Every Dog Has His Day in Front of Abby’s Camera

By Gina King

When Abby Malone was a young child, her family traveled from Arkansas to Ocean City, New Jersey, to visit her grandfather. Accompanying her were her pet raccoon and a sugar glider, a small pocket-sized marsupial native to Australia. She was an animal lover through and through. So it was no small leap for the child to grow up and become a pet photographer.


Today, Malone is the owner of Pawsonality Pet Photography in Little Rock, and she photographs all kinds of animals, usually along with their owners.

Animals have always had a place in art, whether it be cave drawings or oil paintings, and pet photography has been around as long as the camera has been in use. One of the earliest animal photographs is Dog Sitting on a Table, taken about 1854. Fast-forward to the 1970s and many will remember the memorable shots by artist William Wegmans’ pet dog, Man Ray, a sleek and handsome gray Weimaraner who posed for funny and odd pictures.

Malone took her passion and love for animals and parlayed that into successful pet photography business. It wasn’t a path she had planned on taking. With a degree in Spanish, Malone had been active in martial arts but after competing and coaching, she had to curtail the sport because of age and injury. Photography was always in the background, though. She bought her first digital camera and set out to learn everything she could about photography.

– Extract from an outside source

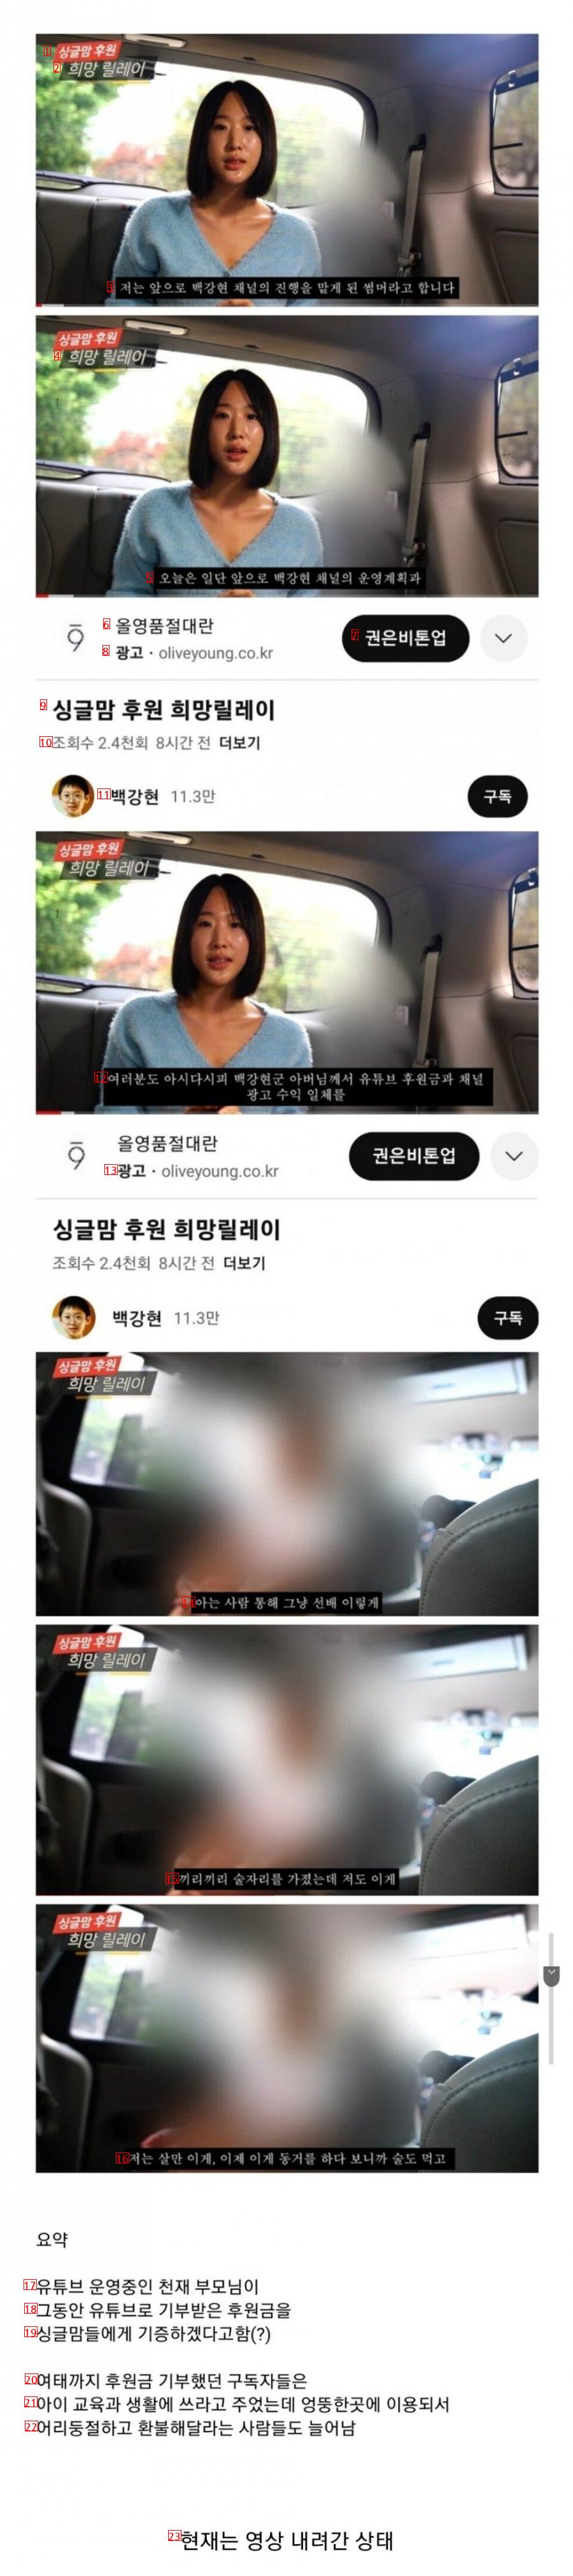 서울과학고 백강현군 유튜브 채널 근황..jpg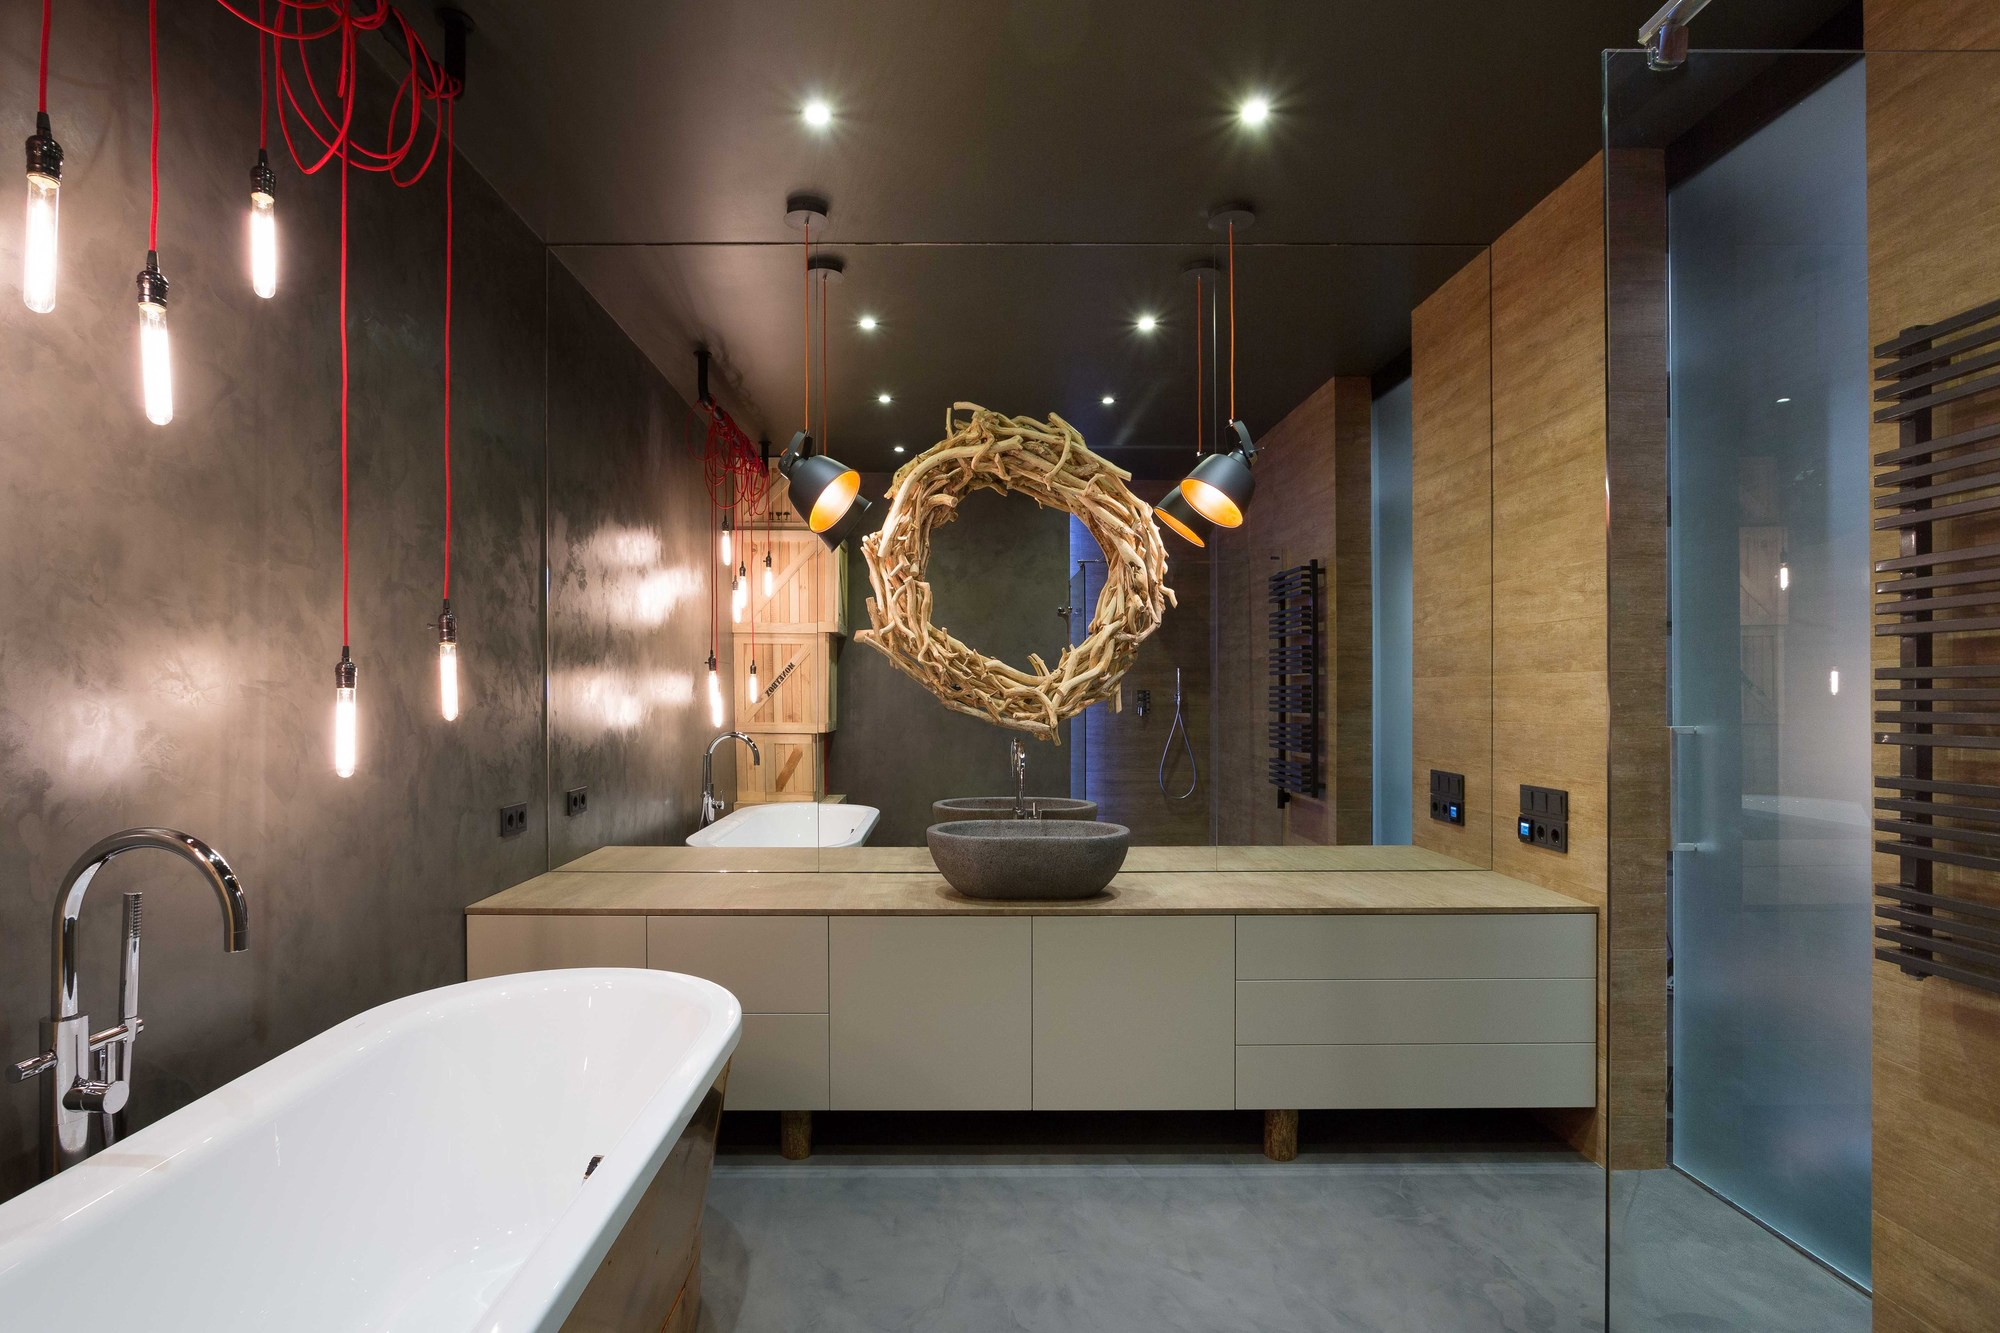 Dunkle Farben, einfache Sanitärformen, flächenbündige Badezimmerschränke, originelles Beleuchtungssystem bestimmen den Gesamtstil des Lofts

“Down the road, carving out a niche in pet photography was something that came natural to me,” Malone said. “Relating to pets as far as photography was easy because I am comfortable with them and I know how to make them happy.”

Malone’s business caters to a variety of customers, but her target demographics are younger married couples who don’t yet have children and older couples with grown children. Both groups consider pets to be valued members of their families.

Taking pet pictures can be challenging, but Malone doesn’t have any horror stories other than the usual rowdiness and excitement; getting their owners to calm down is another story.

“Part of my job is reassuring and cuing the humans more than the pets,” Malone said. “It’s a lot easier to get a pet to act natural versus a human.”

To get a good photo, Malone said she has to channel the pets’ feelings and energy knowing that they feed on the photographer and her feelings. A bigger challenge is making sure people look good in the portraits. With an animal, things tend to move more quickly and the picture has to come together fast. But it can take just an instant to take that special one.

An award-winning photographer, Malone plans to continue her business in what has become a booming business. “Making a pet happy and letting it show a little personality is a key hallmark of what I do,” Malone said. “It’s a great time, market-wise, for pet photography.”